Categories


Archives


Recent Posts


Categories


When Good Unicode Encoding Goes Bad

astorm

Frustrated by Magento? Then you’ll love Commerce Bug, the must have debugging extension for anyone using Magento. Whether you’re just starting out or you’re a seasoned pro, Commerce Bug will save you and your team hours everyday. Grab a copy and start working with Magento instead of against it.

Updated for Magento 2! No Frills Magento Layout is the only Magento front end book you'll ever need. Get your copy today!

This entry is part 3 of 4 in the series Text Encoding and Unicode. Earlier posts include Inspecting Bytes with Node.js Buffer Objects, and Unicode vs. UTF-8. Later posts include PHP and Unicode.

So why am I posting so much about unicode and the word Hyvä?
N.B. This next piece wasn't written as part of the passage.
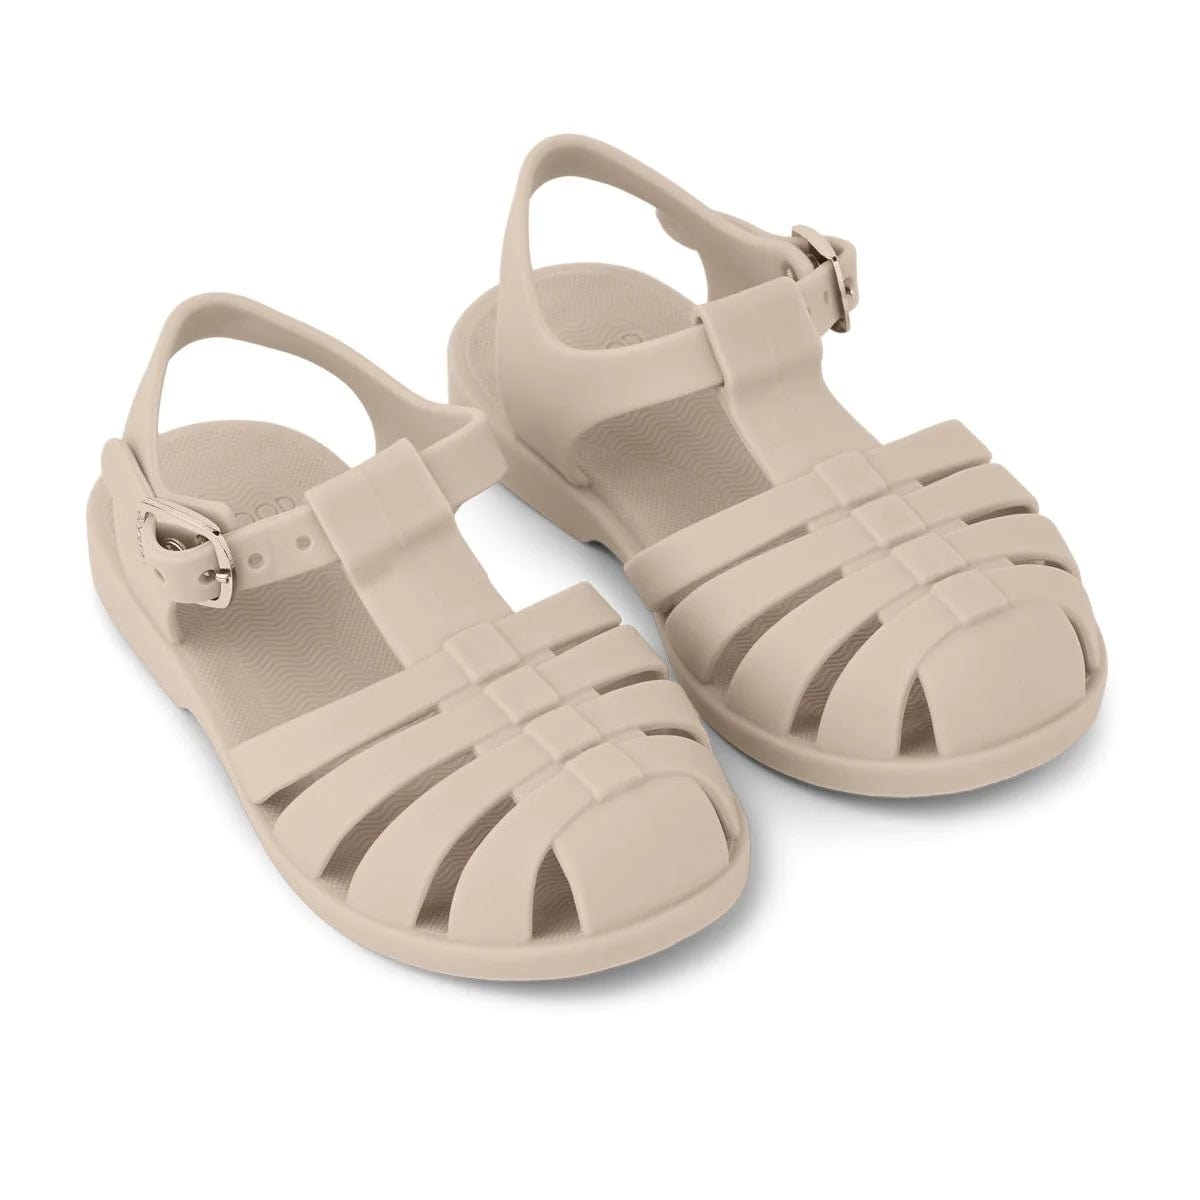 Liewood Jelly Sandals Liewood Bre Jelly Sandals (Sandy)

That’s a long story.

Whenever I work on a longer piece of writing, part of my copy editing process is to read the contents out loud to myself. I also have my computer read the contents back to me.

I’ve been doing later for a long time via the MacOS command line command program say. The say program will read back any text passed to it either directly or via a file. It can also save that audio as an aiff file

% say "hello world"
% say -f /path/to/input.txt -o /tmp/out.aiff

One tricky part of to this is I write in markdown, and if I pass a markdown file to say directly this means the computer is speaking back URLs, code samples, etc. This is not ideal.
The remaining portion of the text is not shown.